Repeat verbatim what the listing holds, but not its pictures.

**** Data shown

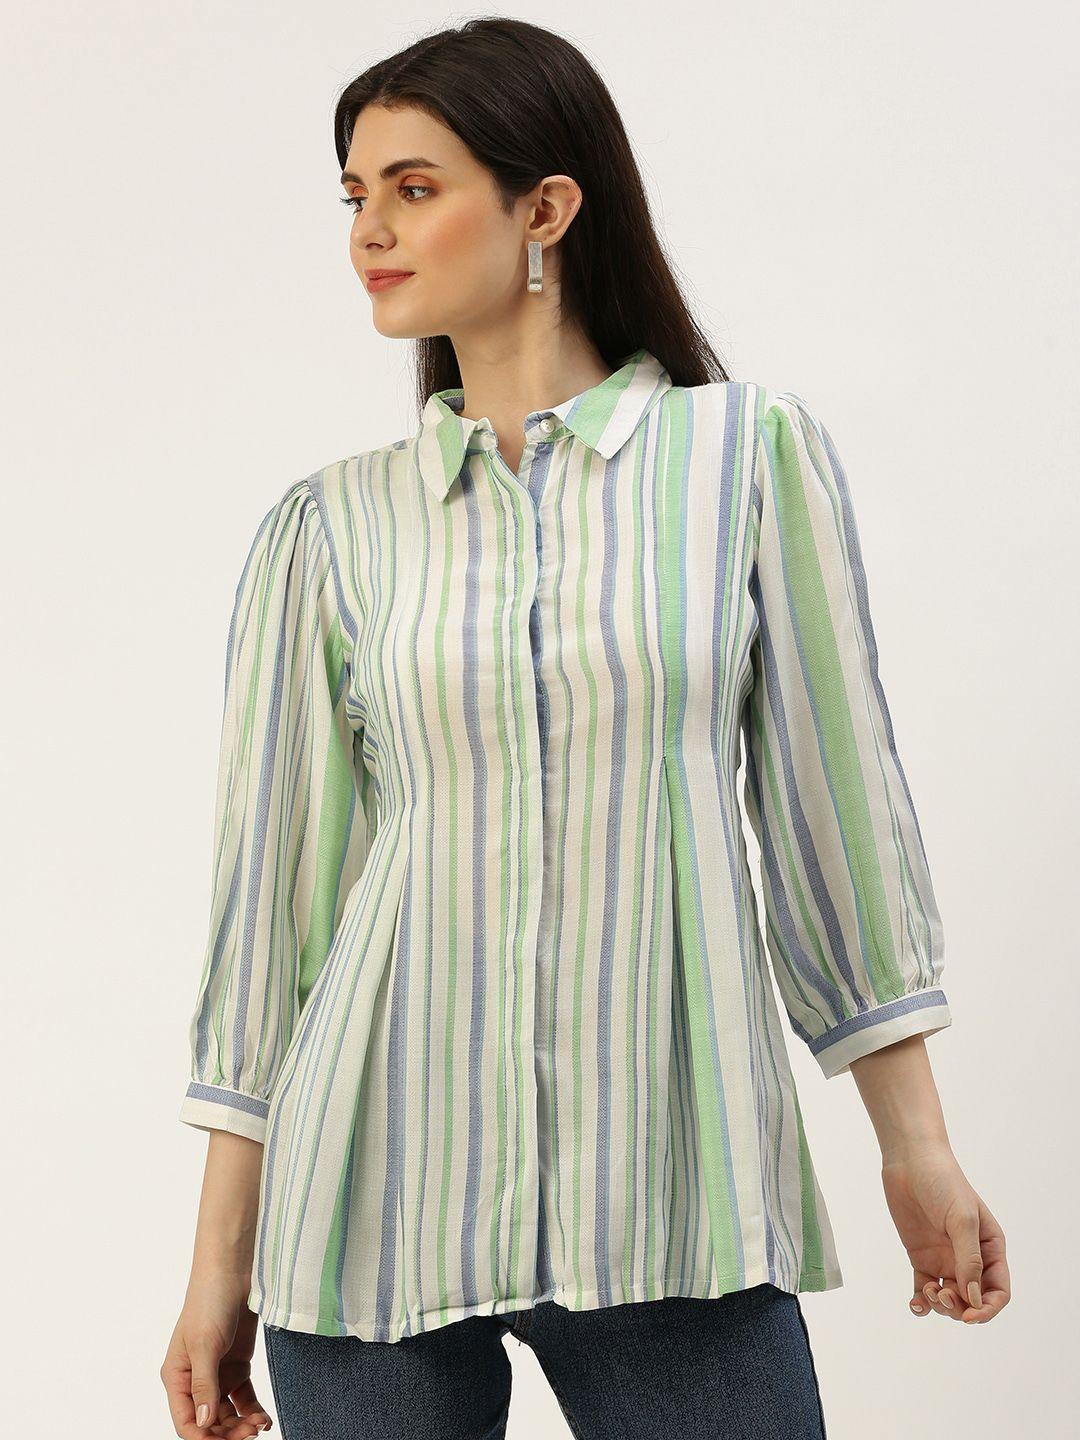 and striped shirt style top with pleated detail
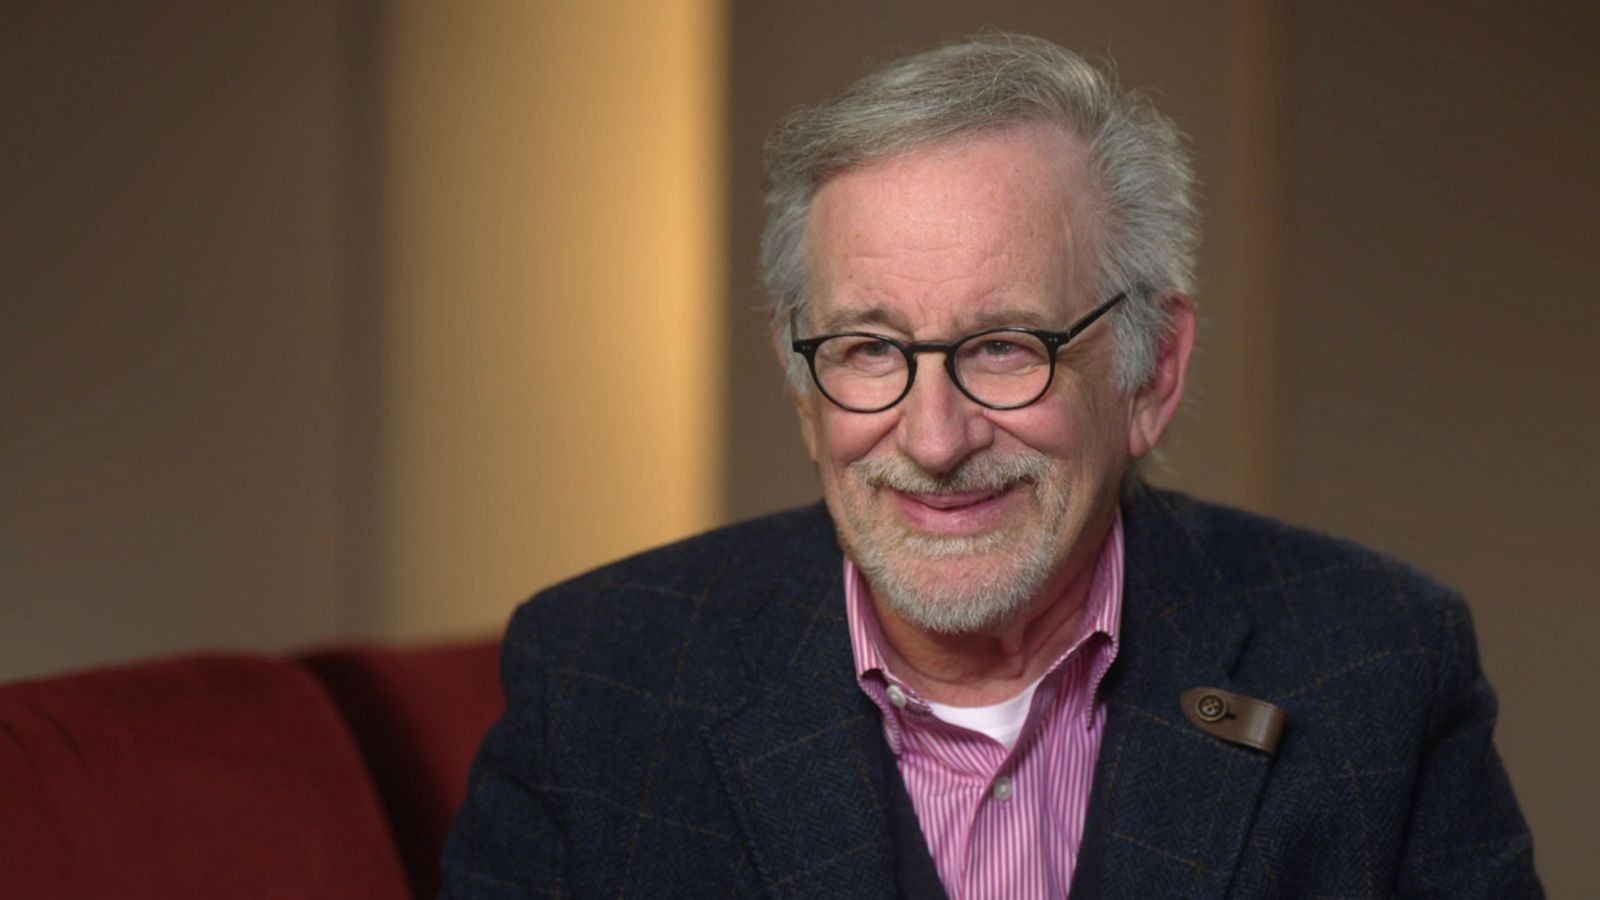 Steven Spielberg in an interview with ABC News
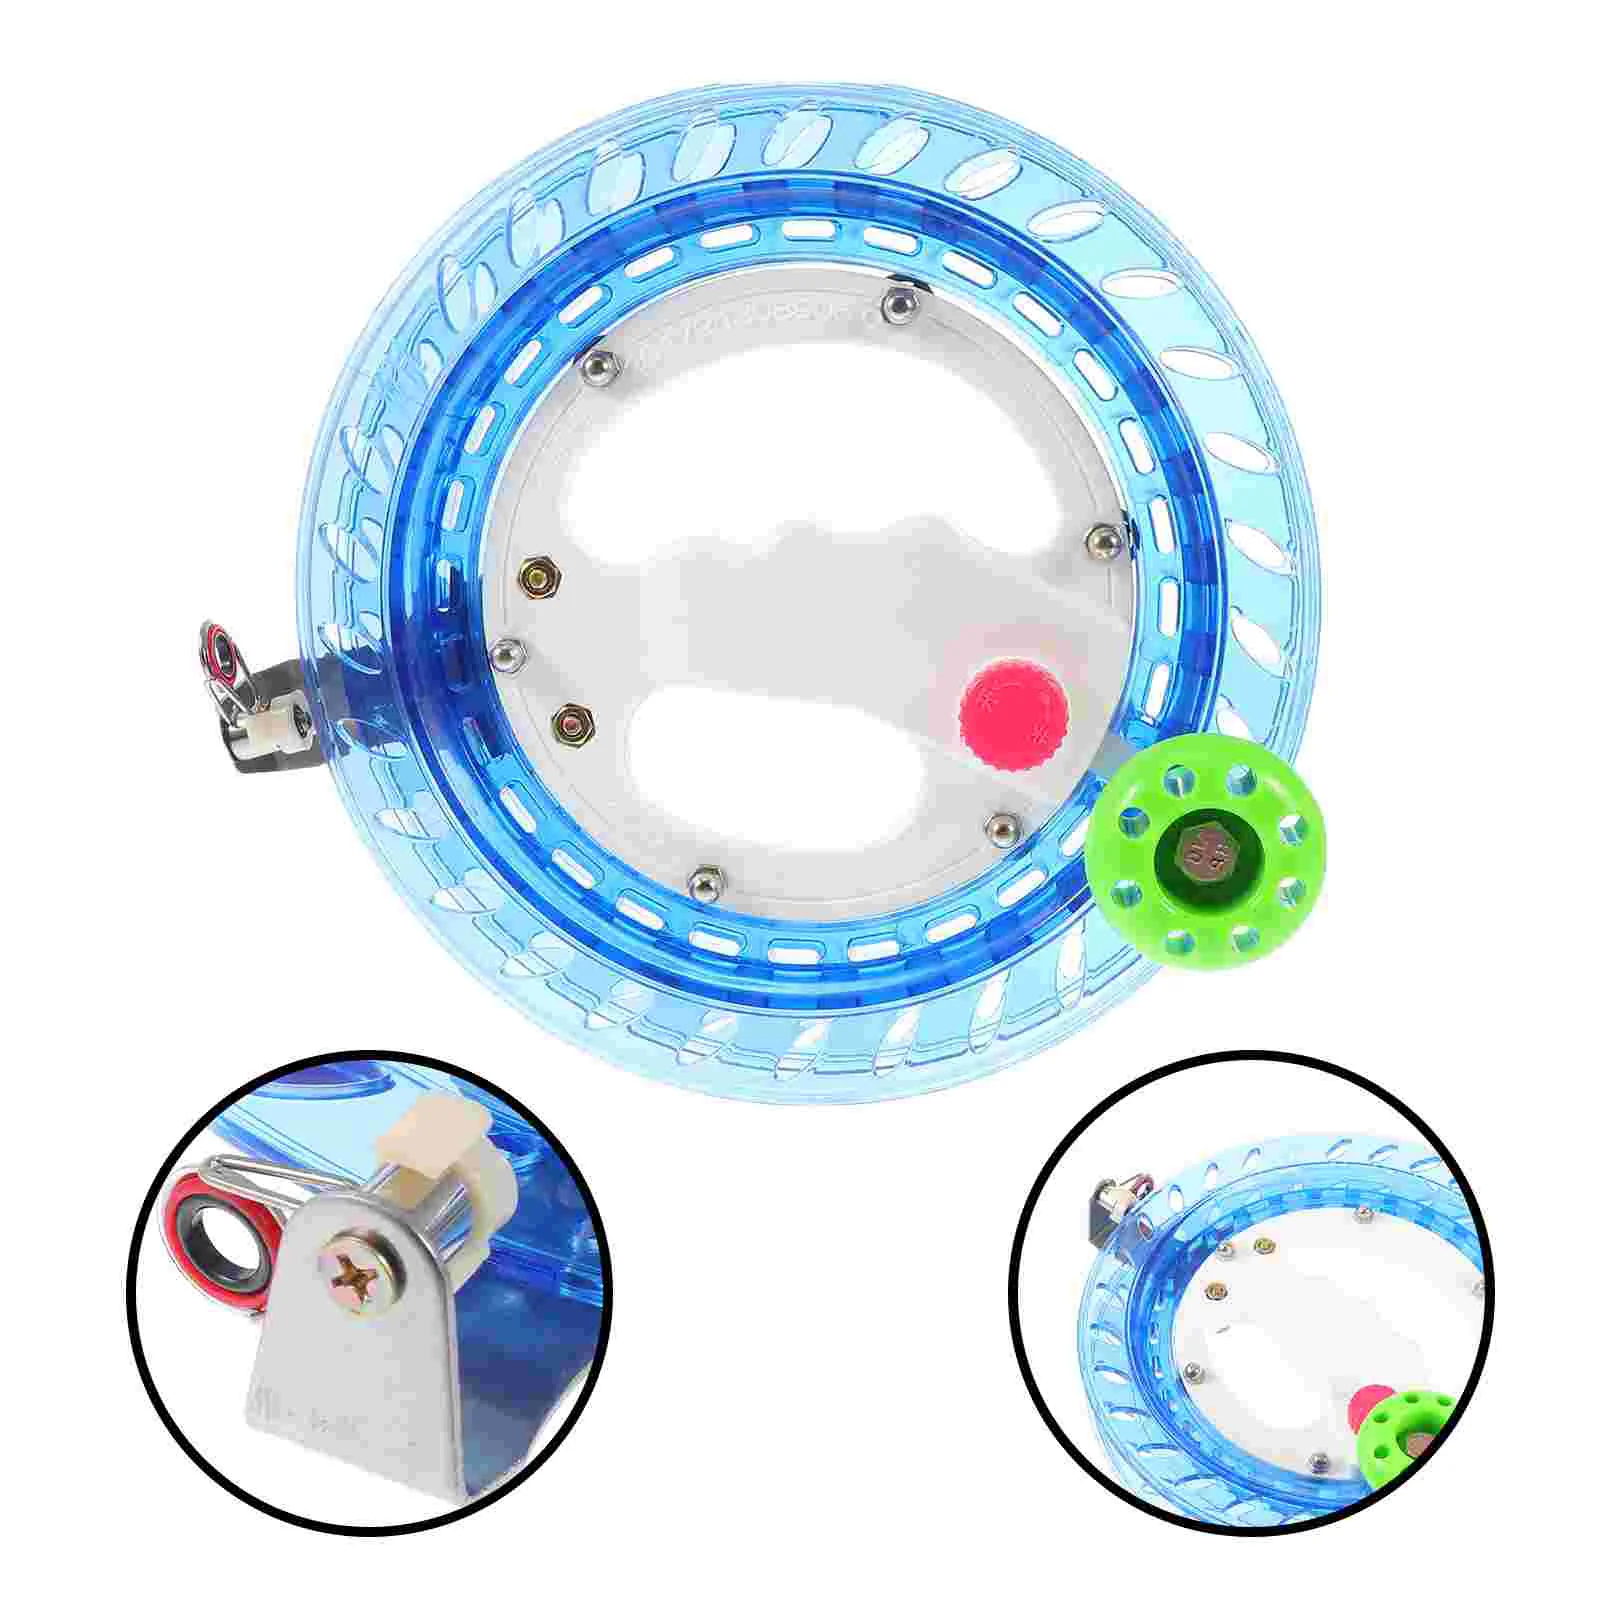 

Kite Reel Ball Bearings Line Wheel Outdoor Sports Tool Connector Plastic Hand Hold Holding Child Used

********

**Answer below**.
 and striped shirt style top with pleated detail
 Steven Spielberg in an interview with ABC News

Kite Reel Ball Bearings Line Wheel Outdoor Sports Tool Connector Plastic Hand Hold Holding Child Used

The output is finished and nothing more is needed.